- **Assigned task**
Please output the data below exactly as given, starting at its first line and stopping after the line that contains "Empresas já podem".

- **Records shown**

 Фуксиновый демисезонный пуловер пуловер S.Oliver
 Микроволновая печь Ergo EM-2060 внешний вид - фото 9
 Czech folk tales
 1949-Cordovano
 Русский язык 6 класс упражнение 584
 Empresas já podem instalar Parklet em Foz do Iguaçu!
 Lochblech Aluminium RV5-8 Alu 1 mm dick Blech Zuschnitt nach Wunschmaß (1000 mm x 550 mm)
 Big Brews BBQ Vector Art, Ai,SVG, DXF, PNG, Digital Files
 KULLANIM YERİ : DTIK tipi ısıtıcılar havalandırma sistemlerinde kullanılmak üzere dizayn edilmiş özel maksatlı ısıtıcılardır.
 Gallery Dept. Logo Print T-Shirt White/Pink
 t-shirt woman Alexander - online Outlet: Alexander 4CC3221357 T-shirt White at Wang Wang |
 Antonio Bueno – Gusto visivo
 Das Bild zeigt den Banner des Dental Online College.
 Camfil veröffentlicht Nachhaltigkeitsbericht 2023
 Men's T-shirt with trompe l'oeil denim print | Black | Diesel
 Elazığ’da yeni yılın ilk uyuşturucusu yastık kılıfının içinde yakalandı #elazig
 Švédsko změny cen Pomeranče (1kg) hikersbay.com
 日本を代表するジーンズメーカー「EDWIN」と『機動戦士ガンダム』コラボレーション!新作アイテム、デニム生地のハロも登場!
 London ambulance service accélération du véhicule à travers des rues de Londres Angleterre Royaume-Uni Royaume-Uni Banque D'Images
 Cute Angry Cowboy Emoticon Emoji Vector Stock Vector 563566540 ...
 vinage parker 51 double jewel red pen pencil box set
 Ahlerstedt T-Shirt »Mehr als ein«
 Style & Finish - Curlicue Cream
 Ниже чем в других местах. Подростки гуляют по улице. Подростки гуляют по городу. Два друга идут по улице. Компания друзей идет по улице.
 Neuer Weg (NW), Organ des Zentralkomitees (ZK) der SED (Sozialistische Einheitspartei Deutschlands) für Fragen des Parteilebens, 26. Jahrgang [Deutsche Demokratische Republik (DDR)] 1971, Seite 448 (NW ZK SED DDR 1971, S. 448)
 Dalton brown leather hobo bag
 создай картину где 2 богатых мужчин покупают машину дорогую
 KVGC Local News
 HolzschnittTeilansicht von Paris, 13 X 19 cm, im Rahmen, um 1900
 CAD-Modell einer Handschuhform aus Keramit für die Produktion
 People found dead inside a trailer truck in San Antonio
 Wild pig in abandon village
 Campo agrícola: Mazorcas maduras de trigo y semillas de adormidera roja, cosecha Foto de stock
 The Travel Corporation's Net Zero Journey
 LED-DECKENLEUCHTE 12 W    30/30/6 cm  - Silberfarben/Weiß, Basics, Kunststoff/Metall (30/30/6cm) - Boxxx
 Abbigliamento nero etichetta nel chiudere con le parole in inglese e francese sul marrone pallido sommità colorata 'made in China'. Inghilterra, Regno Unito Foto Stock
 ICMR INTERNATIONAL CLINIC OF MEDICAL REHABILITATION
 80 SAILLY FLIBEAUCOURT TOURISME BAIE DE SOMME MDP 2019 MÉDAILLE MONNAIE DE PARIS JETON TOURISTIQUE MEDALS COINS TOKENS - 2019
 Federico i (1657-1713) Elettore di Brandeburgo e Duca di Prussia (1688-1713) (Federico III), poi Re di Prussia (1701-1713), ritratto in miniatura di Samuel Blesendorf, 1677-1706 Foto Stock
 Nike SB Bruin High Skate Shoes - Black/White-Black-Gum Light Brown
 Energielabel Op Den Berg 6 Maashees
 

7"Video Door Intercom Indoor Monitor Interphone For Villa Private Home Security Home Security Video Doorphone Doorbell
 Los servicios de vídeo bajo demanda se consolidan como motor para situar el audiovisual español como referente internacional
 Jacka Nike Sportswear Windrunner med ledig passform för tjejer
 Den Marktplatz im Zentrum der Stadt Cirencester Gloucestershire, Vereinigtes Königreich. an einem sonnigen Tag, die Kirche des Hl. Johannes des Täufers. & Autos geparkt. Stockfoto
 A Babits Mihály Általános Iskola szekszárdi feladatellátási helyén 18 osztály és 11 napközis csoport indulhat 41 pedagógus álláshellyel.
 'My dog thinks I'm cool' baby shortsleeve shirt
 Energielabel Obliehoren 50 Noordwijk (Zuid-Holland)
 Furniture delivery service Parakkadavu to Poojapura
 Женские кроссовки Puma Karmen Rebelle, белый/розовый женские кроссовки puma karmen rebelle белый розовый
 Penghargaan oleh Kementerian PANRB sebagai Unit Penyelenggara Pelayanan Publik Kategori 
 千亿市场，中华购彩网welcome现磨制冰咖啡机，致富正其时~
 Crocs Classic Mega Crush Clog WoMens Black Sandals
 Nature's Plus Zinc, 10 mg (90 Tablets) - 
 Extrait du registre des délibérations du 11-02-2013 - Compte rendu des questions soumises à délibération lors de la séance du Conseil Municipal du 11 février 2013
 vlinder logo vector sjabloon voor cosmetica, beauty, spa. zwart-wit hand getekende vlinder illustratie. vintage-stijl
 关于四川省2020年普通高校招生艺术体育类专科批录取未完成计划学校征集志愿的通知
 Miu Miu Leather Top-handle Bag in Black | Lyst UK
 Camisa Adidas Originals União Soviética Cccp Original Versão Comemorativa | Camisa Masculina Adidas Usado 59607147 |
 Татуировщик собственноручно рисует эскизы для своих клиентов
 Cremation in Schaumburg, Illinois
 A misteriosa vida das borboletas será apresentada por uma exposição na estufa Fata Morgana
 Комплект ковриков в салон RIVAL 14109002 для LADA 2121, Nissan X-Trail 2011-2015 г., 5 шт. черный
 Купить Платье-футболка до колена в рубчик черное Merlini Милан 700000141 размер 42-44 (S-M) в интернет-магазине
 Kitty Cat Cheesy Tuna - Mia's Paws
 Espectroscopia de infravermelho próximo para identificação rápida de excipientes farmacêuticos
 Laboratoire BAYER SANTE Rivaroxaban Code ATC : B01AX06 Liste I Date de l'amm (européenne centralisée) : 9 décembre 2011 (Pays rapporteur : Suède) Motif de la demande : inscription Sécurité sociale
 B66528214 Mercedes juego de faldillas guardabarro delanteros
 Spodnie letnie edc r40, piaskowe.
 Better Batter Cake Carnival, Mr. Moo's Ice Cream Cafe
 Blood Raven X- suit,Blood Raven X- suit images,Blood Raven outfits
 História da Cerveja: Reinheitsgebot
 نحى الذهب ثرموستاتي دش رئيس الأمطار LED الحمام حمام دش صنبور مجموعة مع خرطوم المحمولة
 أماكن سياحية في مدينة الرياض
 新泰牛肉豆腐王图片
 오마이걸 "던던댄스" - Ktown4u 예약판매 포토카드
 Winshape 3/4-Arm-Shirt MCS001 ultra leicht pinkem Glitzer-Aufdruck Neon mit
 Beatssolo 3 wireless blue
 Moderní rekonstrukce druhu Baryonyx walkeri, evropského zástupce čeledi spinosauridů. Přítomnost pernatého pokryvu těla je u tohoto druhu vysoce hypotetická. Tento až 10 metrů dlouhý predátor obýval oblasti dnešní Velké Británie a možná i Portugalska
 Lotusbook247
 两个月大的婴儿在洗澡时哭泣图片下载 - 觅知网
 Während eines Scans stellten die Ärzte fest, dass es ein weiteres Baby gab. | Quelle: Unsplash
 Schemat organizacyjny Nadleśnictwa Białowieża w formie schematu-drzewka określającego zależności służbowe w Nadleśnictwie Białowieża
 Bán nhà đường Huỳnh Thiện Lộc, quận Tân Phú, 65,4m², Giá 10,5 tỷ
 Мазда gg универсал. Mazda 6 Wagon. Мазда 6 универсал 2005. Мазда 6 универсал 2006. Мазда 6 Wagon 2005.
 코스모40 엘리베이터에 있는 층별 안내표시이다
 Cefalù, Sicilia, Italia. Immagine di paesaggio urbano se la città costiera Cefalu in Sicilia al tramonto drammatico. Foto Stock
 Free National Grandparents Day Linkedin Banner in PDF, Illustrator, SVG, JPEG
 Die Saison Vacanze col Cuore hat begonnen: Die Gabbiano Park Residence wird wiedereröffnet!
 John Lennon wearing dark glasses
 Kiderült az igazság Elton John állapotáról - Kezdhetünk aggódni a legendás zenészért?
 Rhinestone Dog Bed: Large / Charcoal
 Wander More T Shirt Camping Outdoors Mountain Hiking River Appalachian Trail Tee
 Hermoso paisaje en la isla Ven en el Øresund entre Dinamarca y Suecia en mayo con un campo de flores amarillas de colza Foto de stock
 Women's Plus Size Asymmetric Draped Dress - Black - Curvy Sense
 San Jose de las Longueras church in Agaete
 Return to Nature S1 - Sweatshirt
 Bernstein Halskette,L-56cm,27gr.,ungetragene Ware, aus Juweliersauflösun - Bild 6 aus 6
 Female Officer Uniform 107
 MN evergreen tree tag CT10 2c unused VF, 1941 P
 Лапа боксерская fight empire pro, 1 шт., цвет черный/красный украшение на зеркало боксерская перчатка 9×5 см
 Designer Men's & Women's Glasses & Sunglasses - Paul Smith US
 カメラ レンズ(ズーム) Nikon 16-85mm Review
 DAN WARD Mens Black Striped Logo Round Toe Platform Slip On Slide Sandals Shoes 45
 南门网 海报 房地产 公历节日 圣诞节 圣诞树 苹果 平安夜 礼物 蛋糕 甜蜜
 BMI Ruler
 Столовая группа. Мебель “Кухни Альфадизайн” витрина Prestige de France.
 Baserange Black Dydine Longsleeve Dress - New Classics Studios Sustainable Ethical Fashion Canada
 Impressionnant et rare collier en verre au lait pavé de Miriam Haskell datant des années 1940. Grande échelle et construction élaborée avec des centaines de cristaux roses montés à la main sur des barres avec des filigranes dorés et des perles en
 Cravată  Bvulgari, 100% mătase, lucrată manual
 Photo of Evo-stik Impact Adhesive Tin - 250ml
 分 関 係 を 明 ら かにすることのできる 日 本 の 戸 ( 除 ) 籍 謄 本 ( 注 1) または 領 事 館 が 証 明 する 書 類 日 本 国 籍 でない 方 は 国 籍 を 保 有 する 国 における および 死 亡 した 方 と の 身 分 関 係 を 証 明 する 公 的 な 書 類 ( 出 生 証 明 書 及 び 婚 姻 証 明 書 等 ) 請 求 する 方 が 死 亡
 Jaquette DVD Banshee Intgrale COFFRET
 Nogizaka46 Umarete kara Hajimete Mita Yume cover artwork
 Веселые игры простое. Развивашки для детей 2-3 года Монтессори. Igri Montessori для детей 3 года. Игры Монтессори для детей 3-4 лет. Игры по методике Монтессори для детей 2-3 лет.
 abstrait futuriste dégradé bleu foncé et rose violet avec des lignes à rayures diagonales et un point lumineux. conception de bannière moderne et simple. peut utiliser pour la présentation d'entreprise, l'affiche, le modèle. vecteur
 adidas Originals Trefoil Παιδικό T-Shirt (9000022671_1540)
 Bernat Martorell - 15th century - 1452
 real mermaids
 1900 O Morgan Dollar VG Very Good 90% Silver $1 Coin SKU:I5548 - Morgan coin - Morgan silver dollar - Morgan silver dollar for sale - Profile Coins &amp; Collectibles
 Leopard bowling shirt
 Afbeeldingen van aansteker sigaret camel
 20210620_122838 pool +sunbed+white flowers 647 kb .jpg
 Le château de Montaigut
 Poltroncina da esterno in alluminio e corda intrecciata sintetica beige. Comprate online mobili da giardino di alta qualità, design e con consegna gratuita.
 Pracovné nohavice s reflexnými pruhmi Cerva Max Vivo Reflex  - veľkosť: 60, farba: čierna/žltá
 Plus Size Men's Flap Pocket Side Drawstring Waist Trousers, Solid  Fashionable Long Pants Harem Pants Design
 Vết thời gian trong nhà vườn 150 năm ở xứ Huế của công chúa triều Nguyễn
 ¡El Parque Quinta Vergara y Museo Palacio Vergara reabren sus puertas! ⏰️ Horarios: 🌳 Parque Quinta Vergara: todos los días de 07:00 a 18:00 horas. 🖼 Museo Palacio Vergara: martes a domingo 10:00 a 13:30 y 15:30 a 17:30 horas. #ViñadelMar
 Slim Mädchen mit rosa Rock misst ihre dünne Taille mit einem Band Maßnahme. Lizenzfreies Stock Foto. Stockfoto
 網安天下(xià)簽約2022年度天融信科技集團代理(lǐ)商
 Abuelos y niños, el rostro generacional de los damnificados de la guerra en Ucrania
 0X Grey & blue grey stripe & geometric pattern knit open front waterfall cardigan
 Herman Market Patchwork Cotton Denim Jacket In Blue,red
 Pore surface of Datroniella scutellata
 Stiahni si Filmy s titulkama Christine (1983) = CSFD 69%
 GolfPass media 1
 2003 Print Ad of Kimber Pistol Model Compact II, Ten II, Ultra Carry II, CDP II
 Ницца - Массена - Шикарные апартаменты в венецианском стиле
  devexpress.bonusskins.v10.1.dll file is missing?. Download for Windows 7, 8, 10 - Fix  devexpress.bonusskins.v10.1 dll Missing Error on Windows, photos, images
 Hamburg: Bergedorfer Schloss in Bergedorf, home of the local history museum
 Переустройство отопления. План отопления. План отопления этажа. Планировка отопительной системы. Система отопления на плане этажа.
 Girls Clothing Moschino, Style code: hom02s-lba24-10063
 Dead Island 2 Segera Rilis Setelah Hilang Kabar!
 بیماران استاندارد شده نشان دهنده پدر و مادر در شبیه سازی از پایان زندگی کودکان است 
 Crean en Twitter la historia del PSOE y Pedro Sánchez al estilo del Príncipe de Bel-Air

- **The answer**
 Фуксиновый демисезонный пуловер пуловер S.Oliver
 Микроволновая печь Ergo EM-2060 внешний вид - фото 9
 Czech folk tales
 1949-Cordovano
 Русский язык 6 класс упражнение 584
 Empresas já podem instalar Parklet em Foz do Iguaçu!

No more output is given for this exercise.